We can see same error logs and symptoms described in

https://access.redhat.com/solutions/5448851
https://bugzilla.redhat.com/show_bug.cgi?id=1883589

even on an upgraded Openshift 4.5.16 cluster:


2020-12-14T08:15:37.92824603Z E1214 08:15:37.926755       1 runtime.go:78] Observed a panic: &errors.errorString{s:"killing connection/stream because serving request timed out and response had been started"} (killing connection/stream because serving request timed out and response had been started)
2020-12-14T08:15:37.92824603Z goroutine 95791021 [running]:
2020-12-14T08:15:37.92824603Z github.com/openshift/origin/vendor/k8s.io/apimachinery/pkg/util/runtime.logPanic(0x3f33ac0, 0xc00052e9c0)
2020-12-14T08:15:37.92824603Z   /go/src/github.com/openshift/origin/_output/local/go/src/github.com/openshift/origin/vendor/k8s.io/apimachinery/pkg/util/runtime/runtime.go:74 +0xa3
2020-12-14T08:15:37.92824603Z github.com/openshift/origin/vendor/k8s.io/apimachinery/pkg/util/runtime.HandleCrash(0xc052b99bd8, 0x1, 0x1)
2020-12-14T08:15:37.92824603Z   /go/src/github.com/openshift/origin/_output/local/go/src/github.com/openshift/origin/vendor/k8s.io/apimachinery/pkg/util/runtime/runtime.go:48 +0x82
2020-12-14T08:15:37.92824603Z panic(0x3f33ac0, 0xc00052e9c0)
2020-12-14T08:15:37.92824603Z   /opt/rh/go-toolset-1.13/root/usr/lib/go-toolset-1.13-golang/src/runtime/panic.go:679 +0x1b2
...
2020-12-14T09:23:05.05668025Z E1214 09:23:05.056185       1 webhook.go:199] Failed to make webhook authorizer request: Post https://172.18.0.1:443/apis/authorization.k8s.io/v1/subjectaccessreviews: context canceled
2020-12-14T09:23:05.05668025Z E1214 09:23:05.056331       1 errors.go:77] Post https://172.18.0.1:443/apis/authorization.k8s.io/v1/subjectaccessreviews: context canceled
2020-12-14T09:23:05.058194459Z E1214 09:23:05.056932       1 webhook.go:199] Failed to make webhook authorizer request: Post https://172.18.0.1:443/apis/authorization.k8s.io/v1/subjectaccessreviews: context canceled
2020-12-14T09:23:05.058194459Z E1214 09:23:05.057034       1 errors.go:77] Post https://172.18.0.1:443/apis/authorization.k8s.io/v1/subjectaccessreviews: context canceled


Cluster suddenly became unavailable and it requires reboot of the master nodes.

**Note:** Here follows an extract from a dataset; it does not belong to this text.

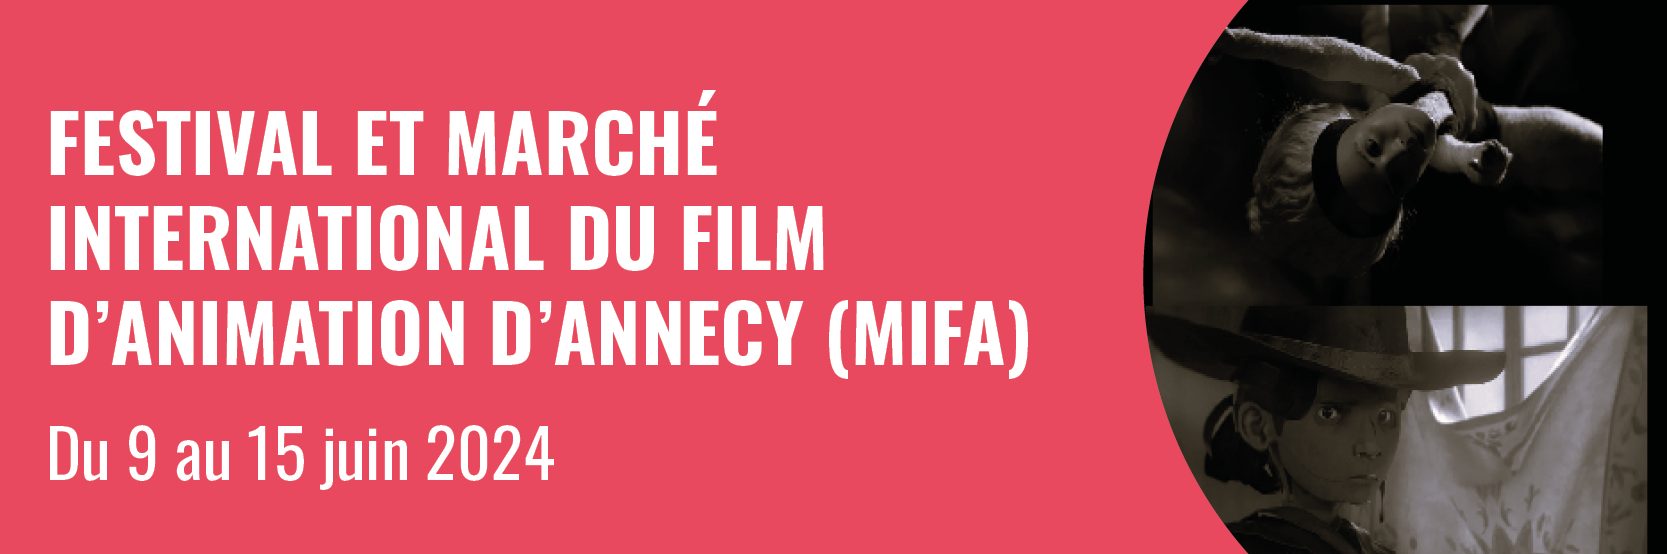 Bouton menant vers la page Festival et marché international du film d'animation d'Annecy (Mifa)

Version-Release number of selected component (if applicable):

OCP 4.5.16


How reproducible:


Steps to Reproduce:
1.
2.
3.

Actual results:


Expected results:


Additional info:

Comment 6 Abu Kashem 2021-01-11 15:08:20 UTC

agabriel,
can you have the customer run the following prometheus query on the web console (time range = starting with the time master was rebooted and going back to 48 hours)
> sum(apiserver_flowcontrol_current_executing_requests) by (flowSchema,priorityLevel)
share the screenshot of the graph here please.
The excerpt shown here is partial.